*Given material*

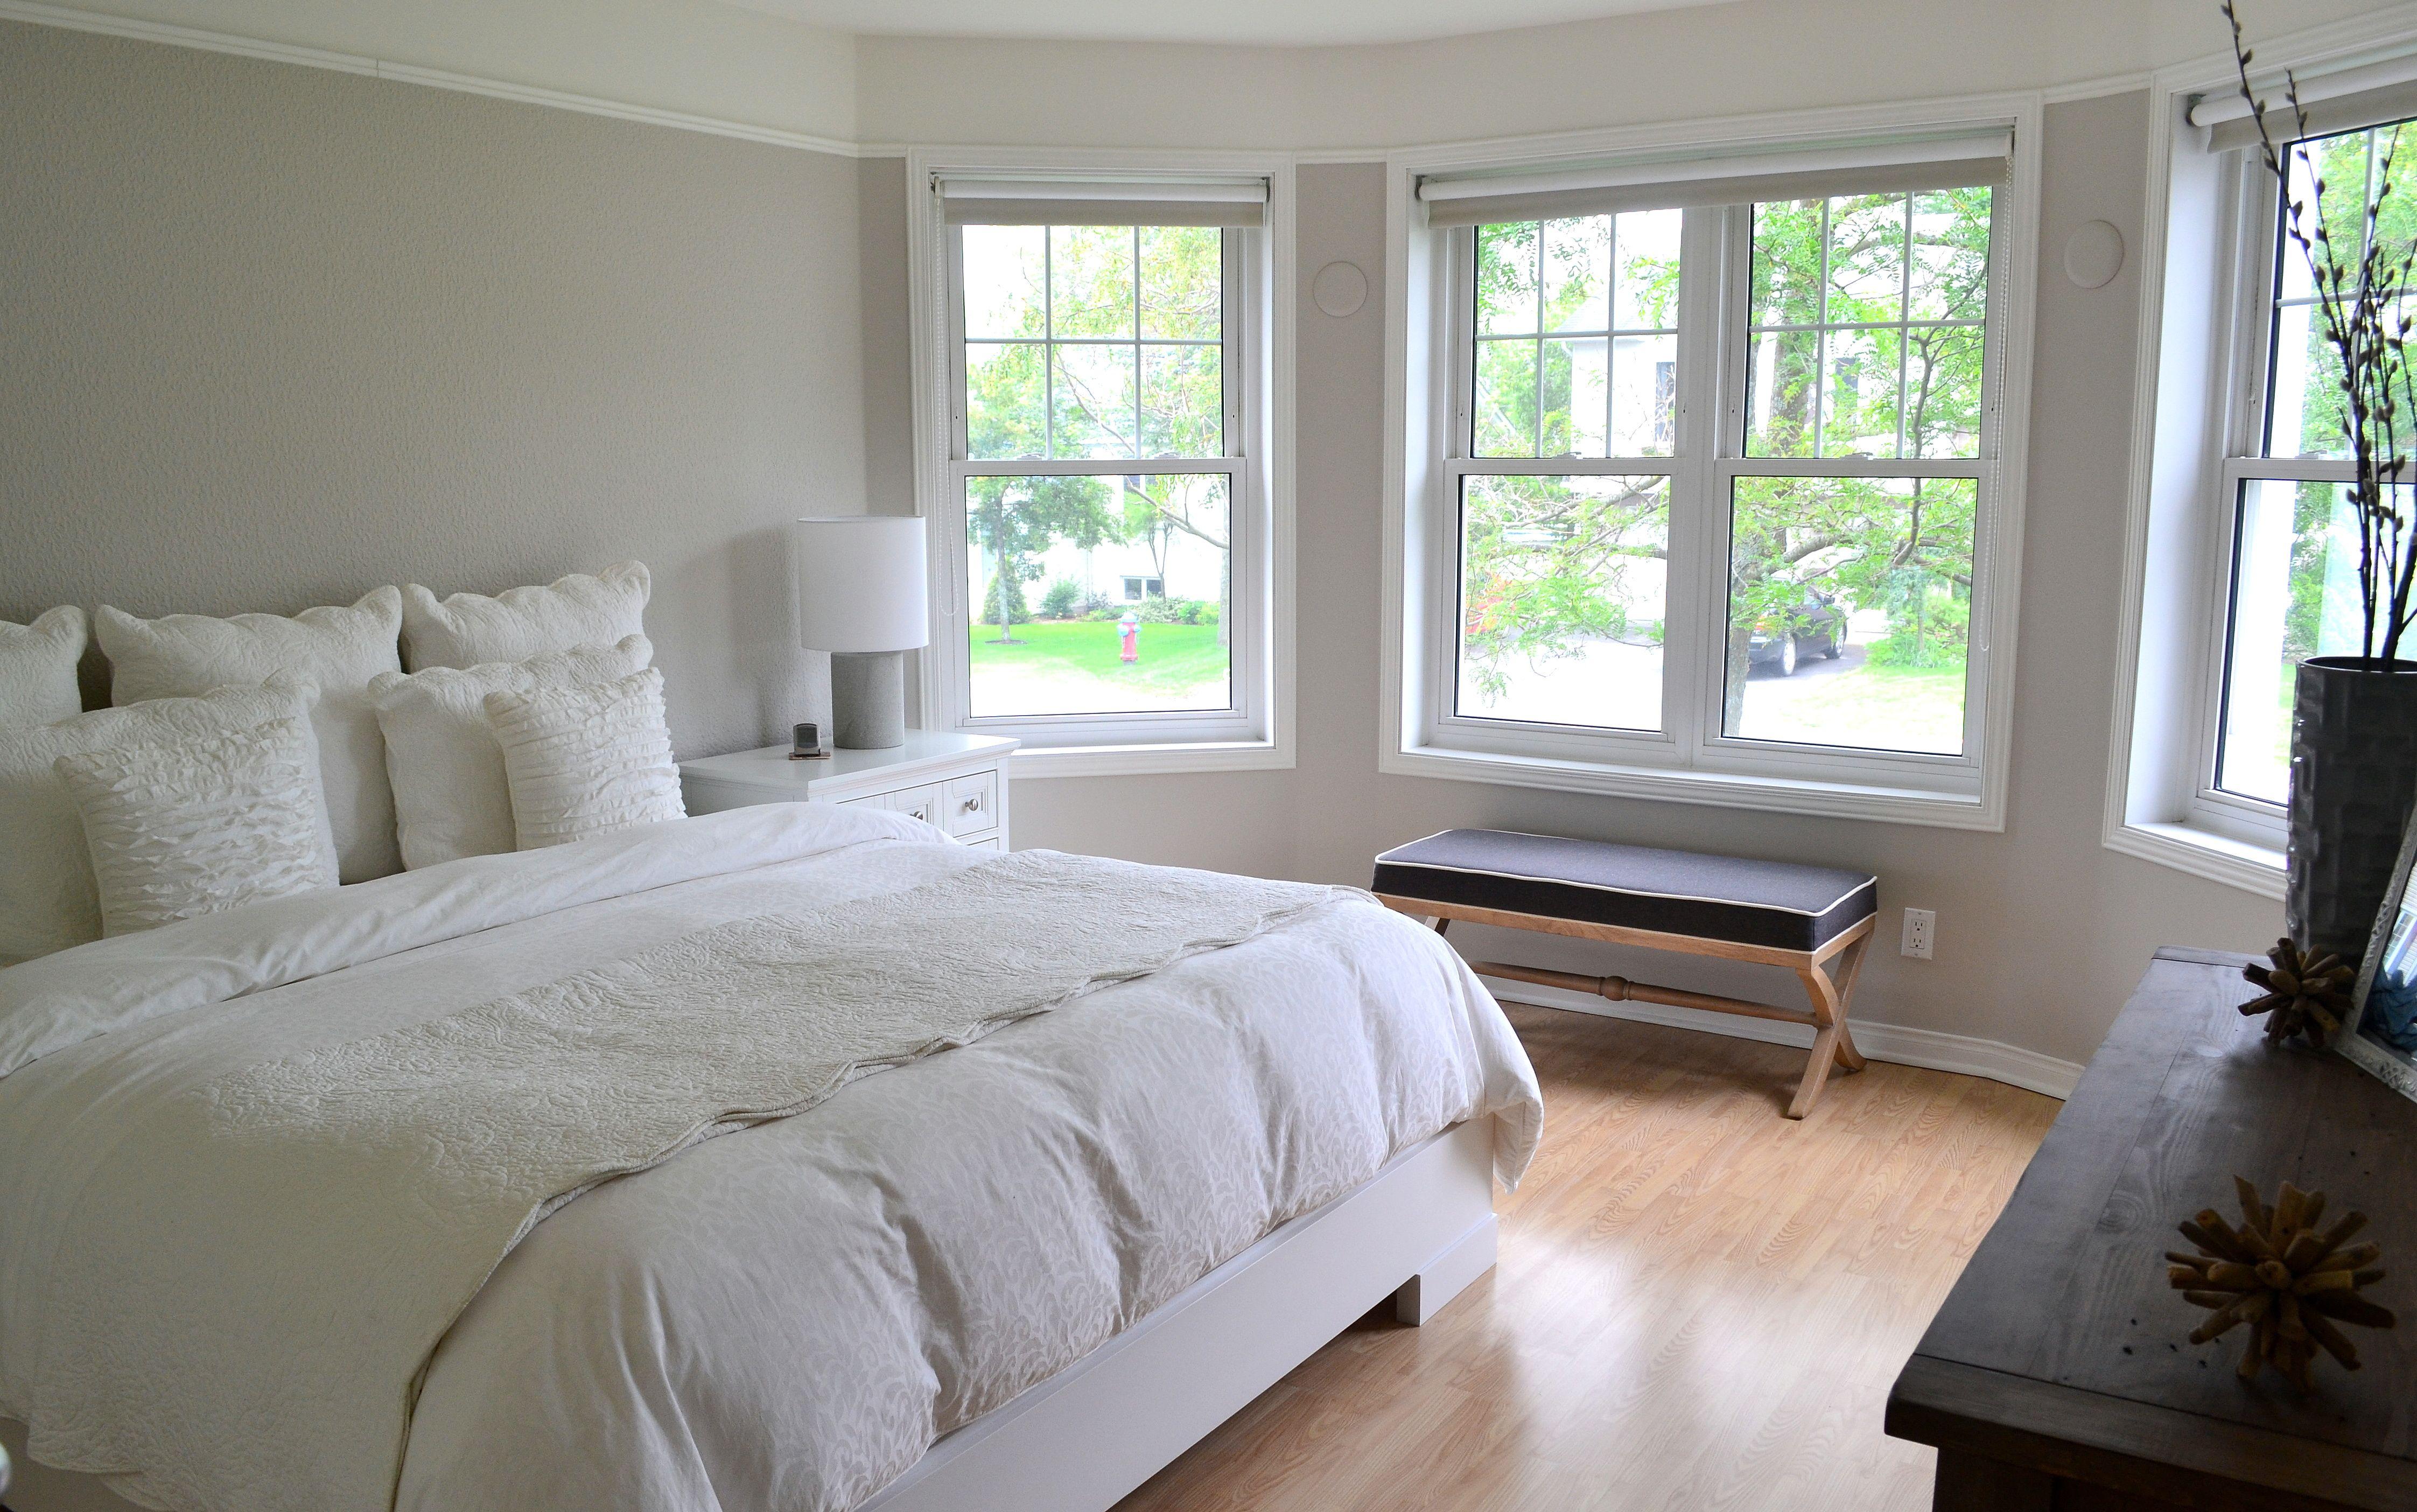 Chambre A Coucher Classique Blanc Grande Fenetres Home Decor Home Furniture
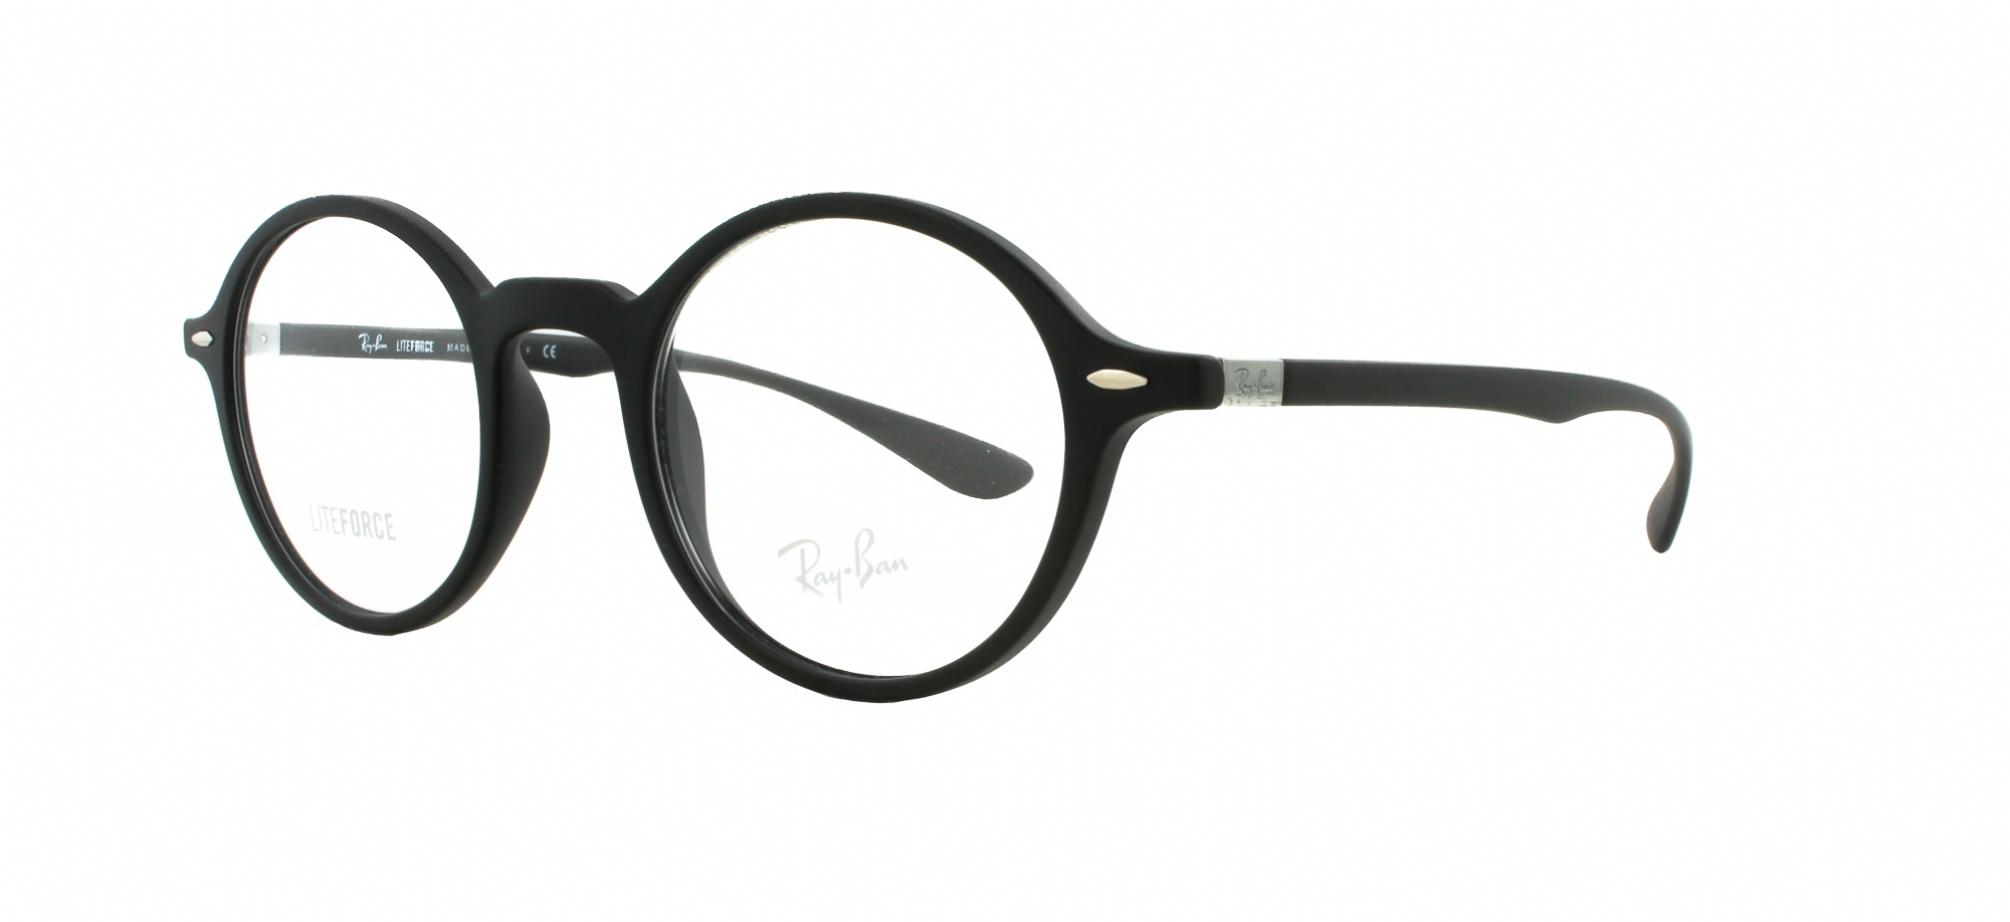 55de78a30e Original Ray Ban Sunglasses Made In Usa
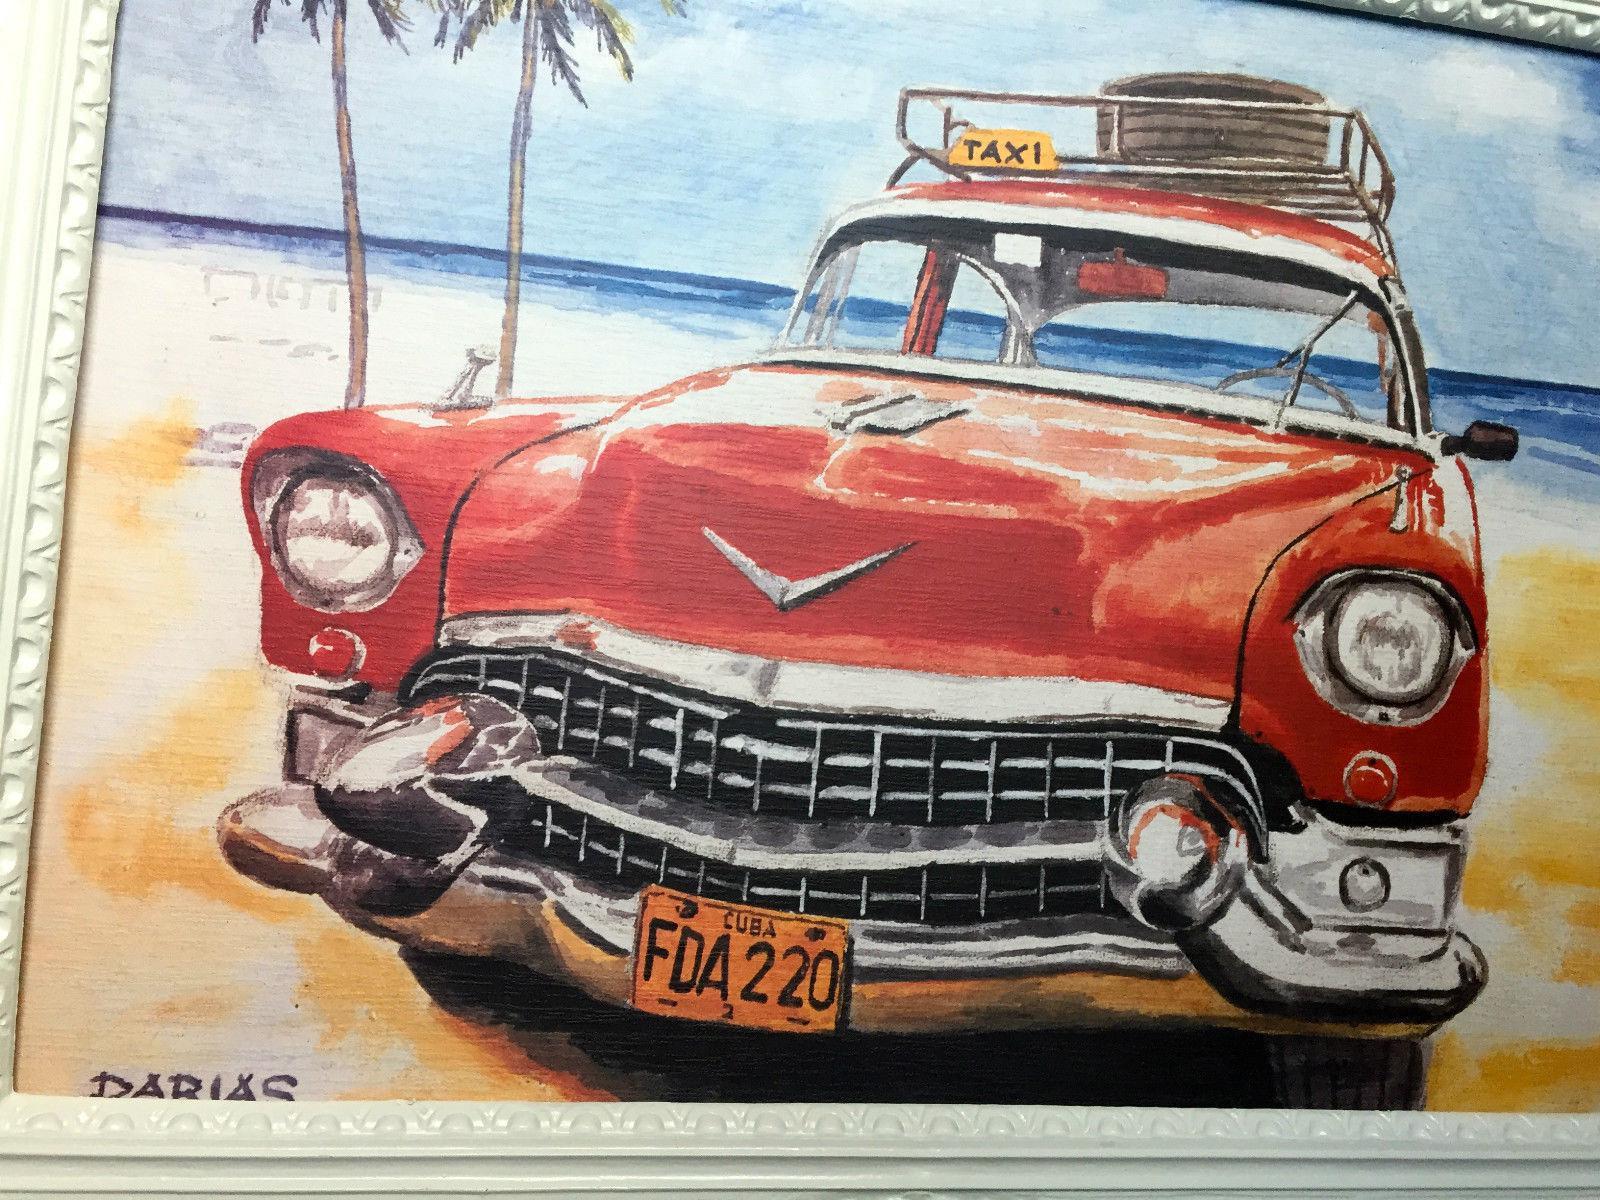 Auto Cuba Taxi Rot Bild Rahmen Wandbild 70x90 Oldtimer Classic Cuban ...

*Your instructions*
Give back exactly the lines from the line with "55de78a30e Original Ray" through the end of the material above, inclusive, with no pictures.

*Completed exercise*
 55de78a30e Original Ray Ban Sunglasses Made In Usa
 Auto Cuba Taxi Rot Bild Rahmen Wandbild 70x90 Oldtimer Classic Cuban ...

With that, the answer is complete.